LATIN CAPITAL LETTER YR is based mistaken mapping.  The cased forms of Z WITH HOOK exist.  The letter OU is used in Algonquin: the question is whether we need it separately encoded for Latin and Greek.  As they stand, they are working documents. We should be making clear use of our technical expertise. By the time they get to PDAM we should comment them upon.

Ksar said that these proposals will be on the agenda of the WG2 meeting in London.  Whistler recommended incorporating all technical feedback on the TC46 proposals into one document.
Ksar said that he had asked for them to be treated a separate proposals.  To avoid many separate votes, it was agreed to defer further discussion so that the proposals could be dealt with together.

Action Item 77-34 for Aliprand: Draft L2/Unicode position paper on applications for registrations.

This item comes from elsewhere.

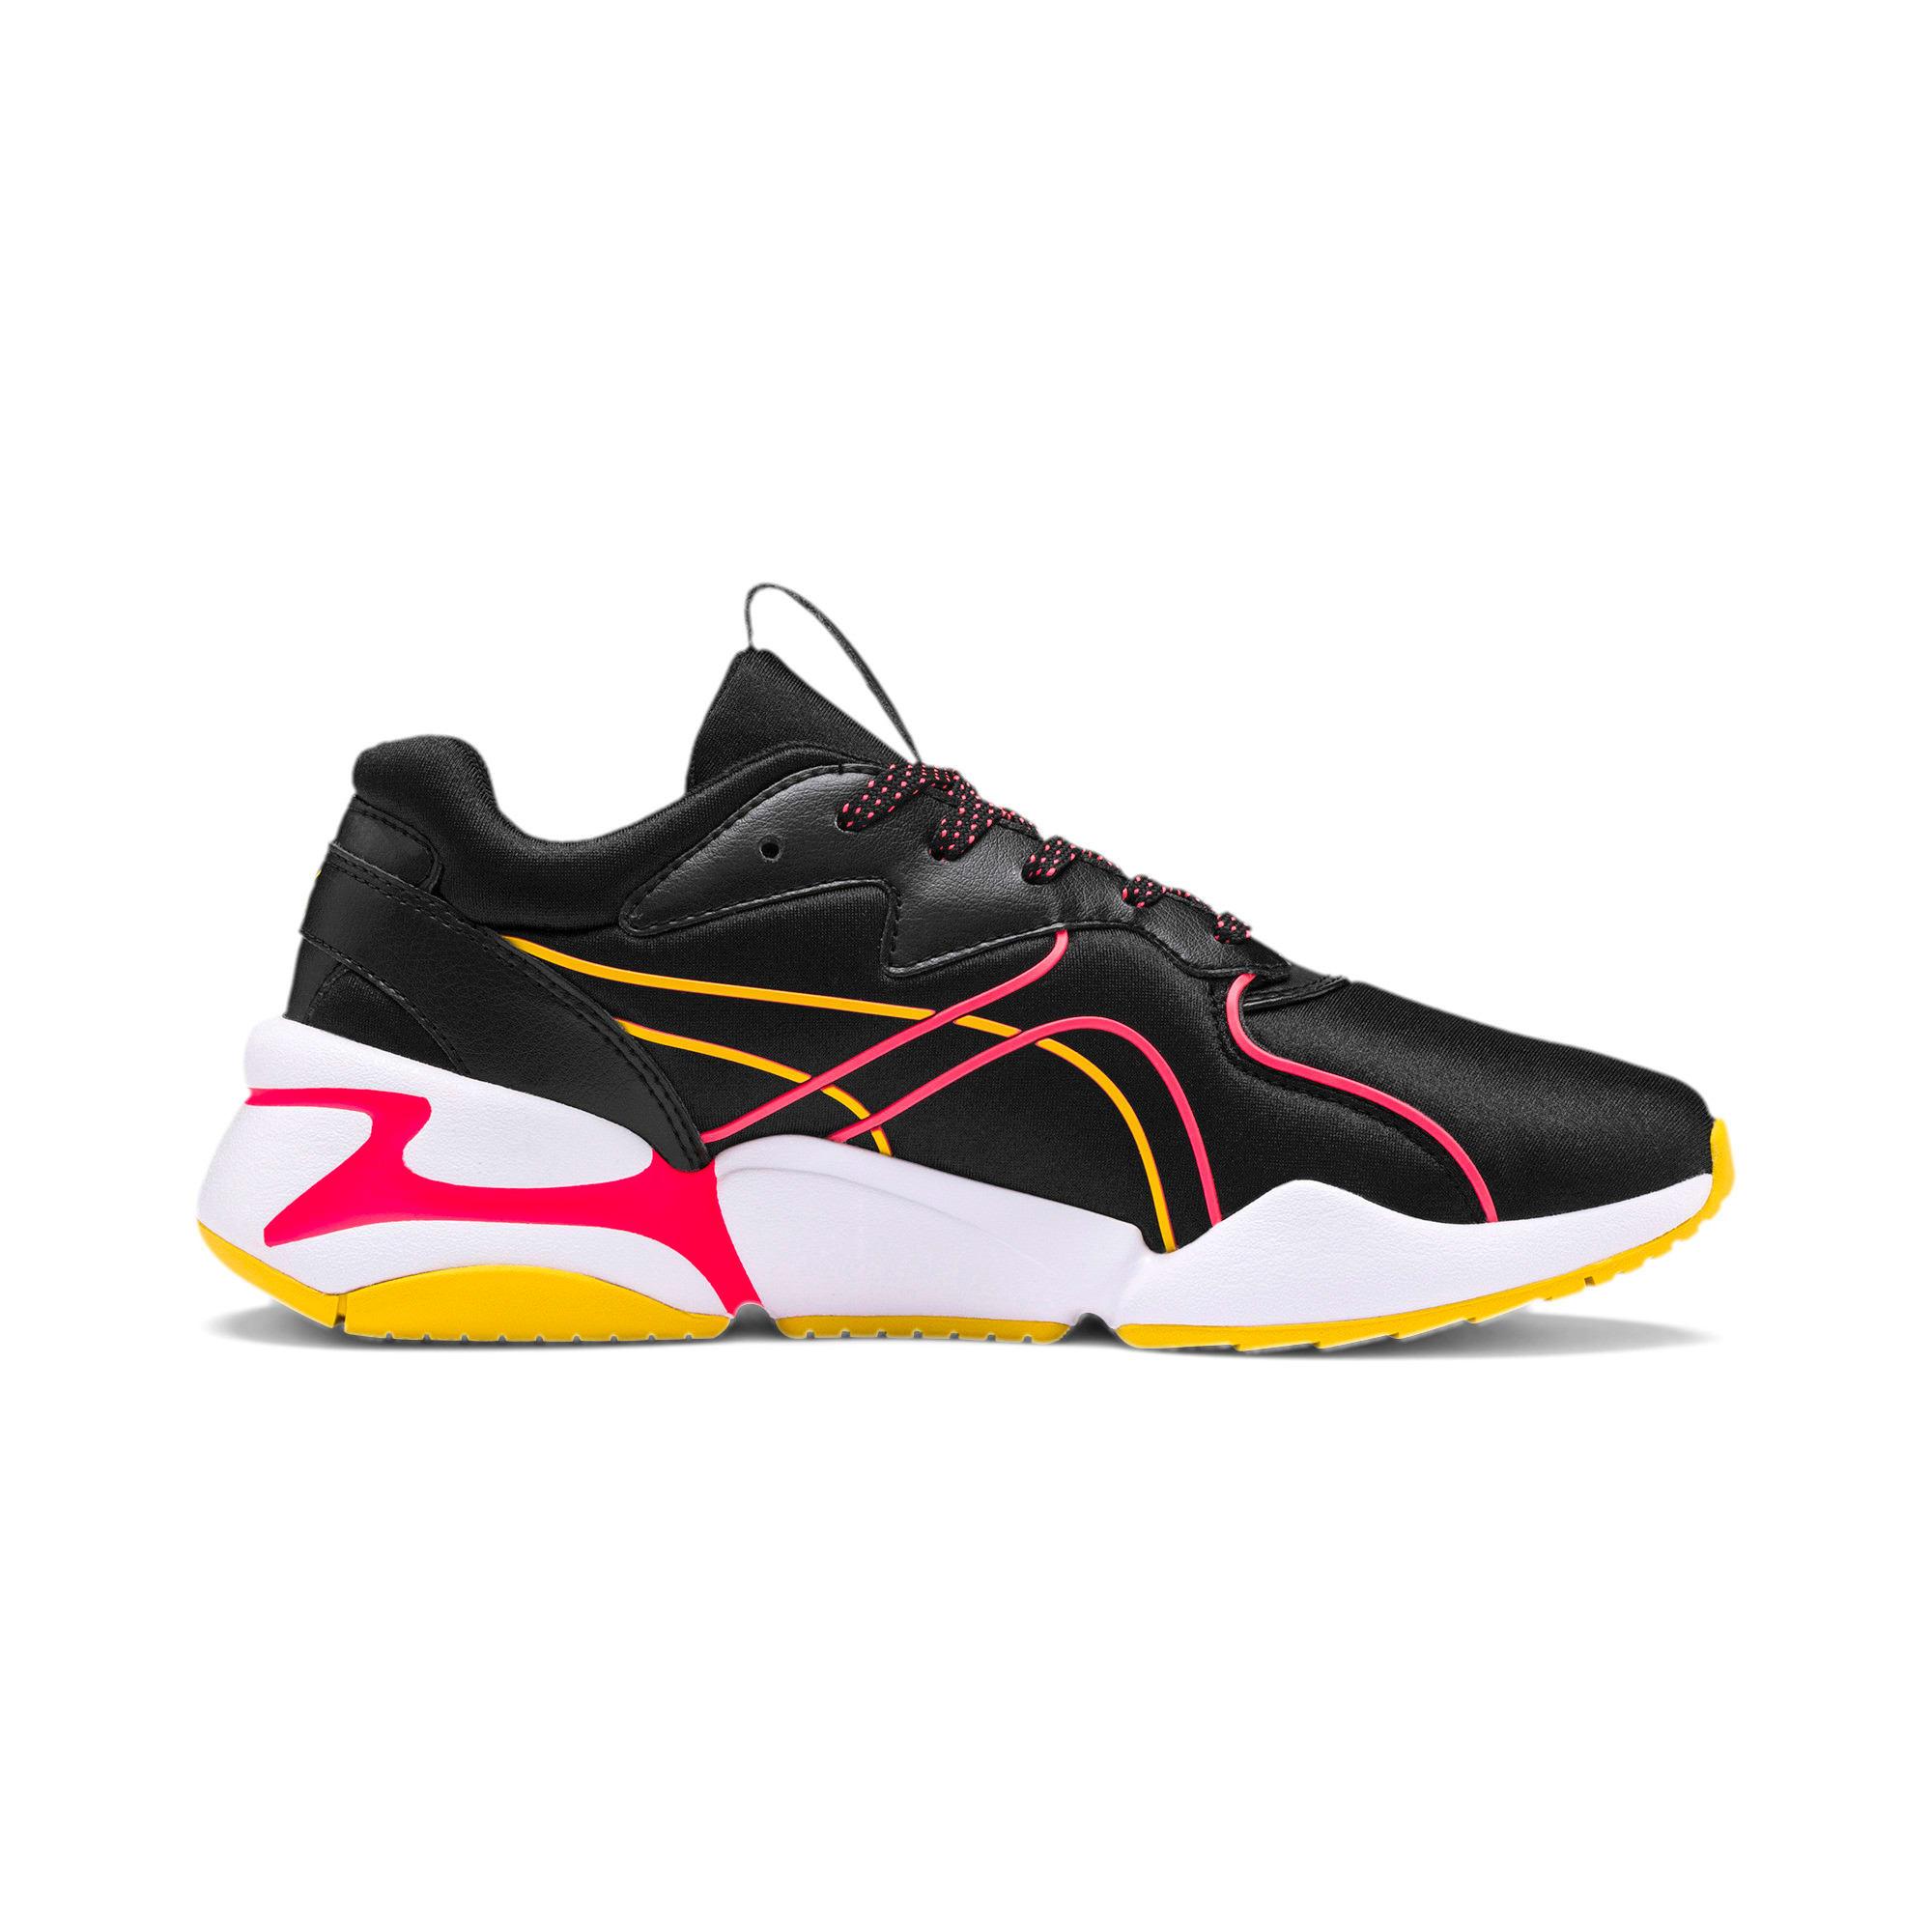 Thumbnail 6 of Nova Hypertech IMEVA sportschoenen voor dames, Puma Black, medium

Action Item 77-35 for Aliprand: Draft L2/Unicode position paper on proposed addition to 10646 of characters from TC 46 character sets.

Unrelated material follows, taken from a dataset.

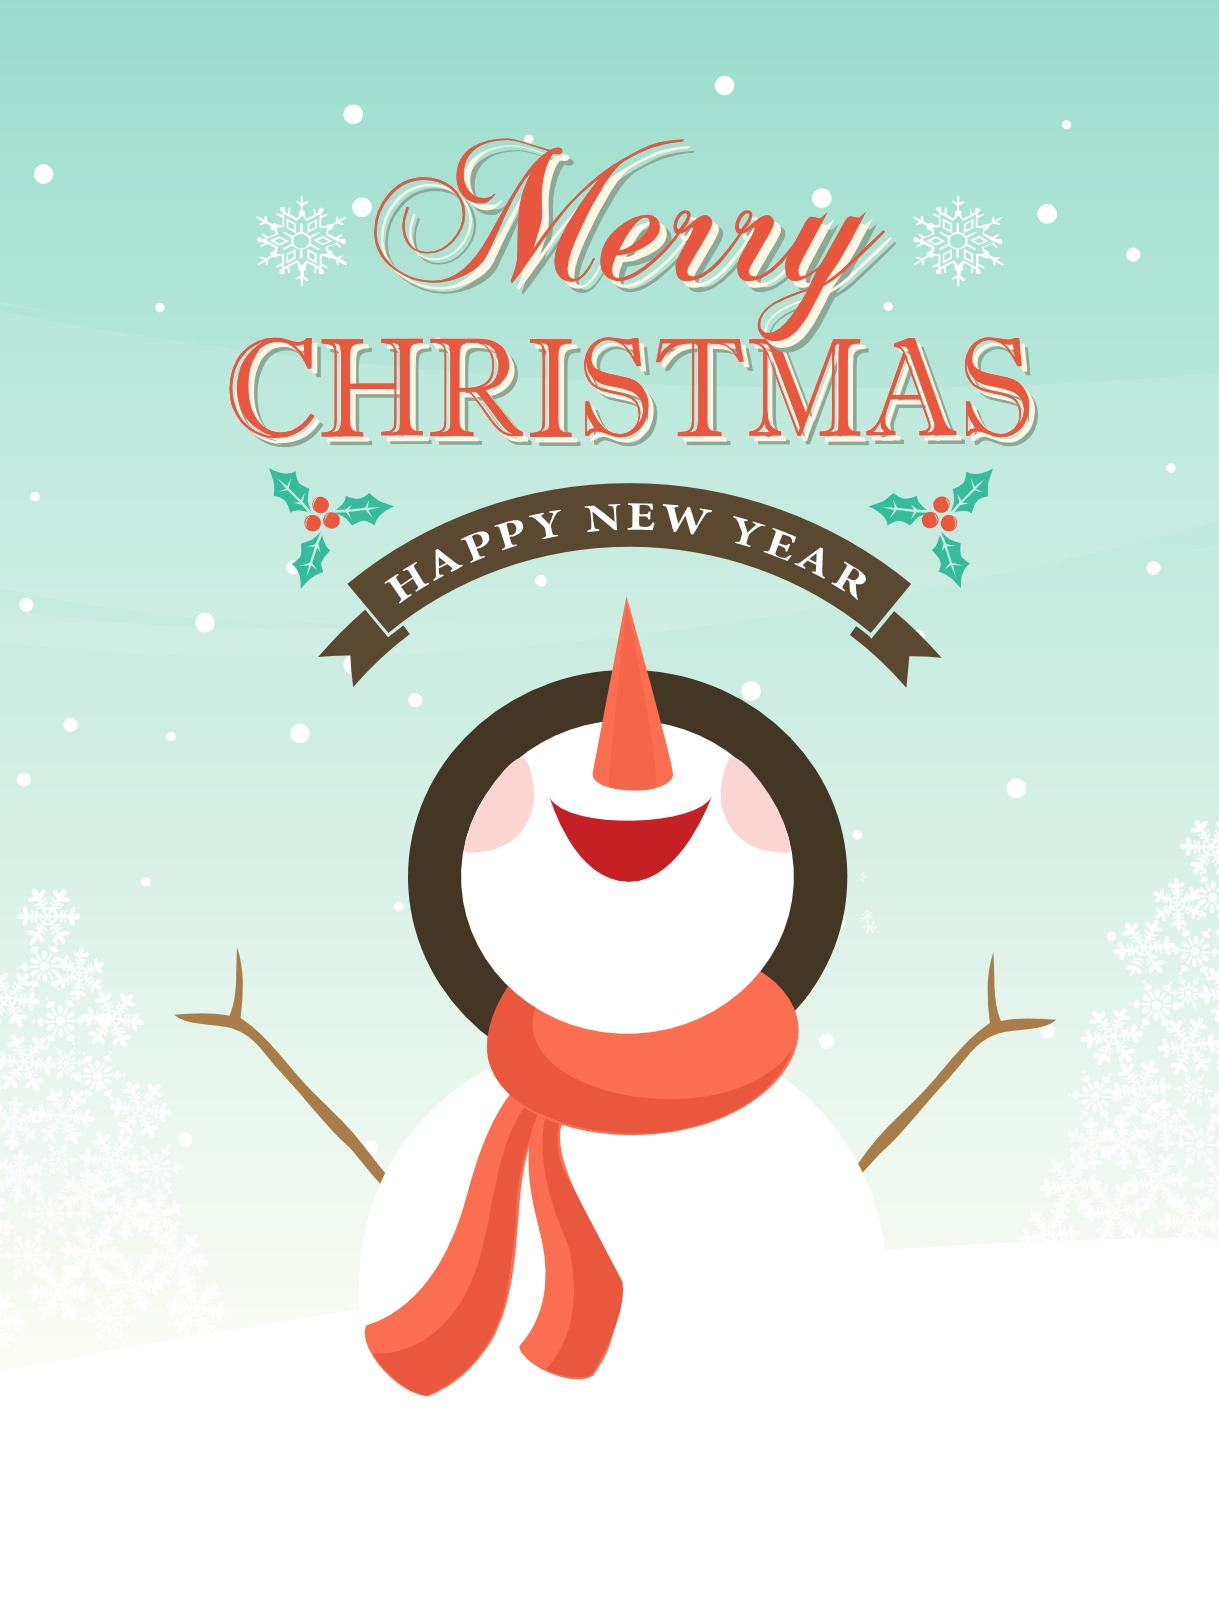 Cute Snowman Christmas Wallpaper Free Vector Snowman Christmas Background Download Free

Action Item 77-36 for Aliprand: Draft L2/Unicode position paper on proposed addition to 10646 of other characters (i.e., those not from TC 46 character sets).

Extended Tibetan (IV.D.1.a)
[Document L2/98-218]

Judith Lundberg asked permission to tape record this section of the meeting since Chris Fynn, the Orient Foundation’s expert, could not attend.  The Chair asked whether anyone objected to this request.  Since there were no objections, the Chair granted permission.

McGowan presented the proposal, which is based on the work of the Tibetan Extensions ad hoc group.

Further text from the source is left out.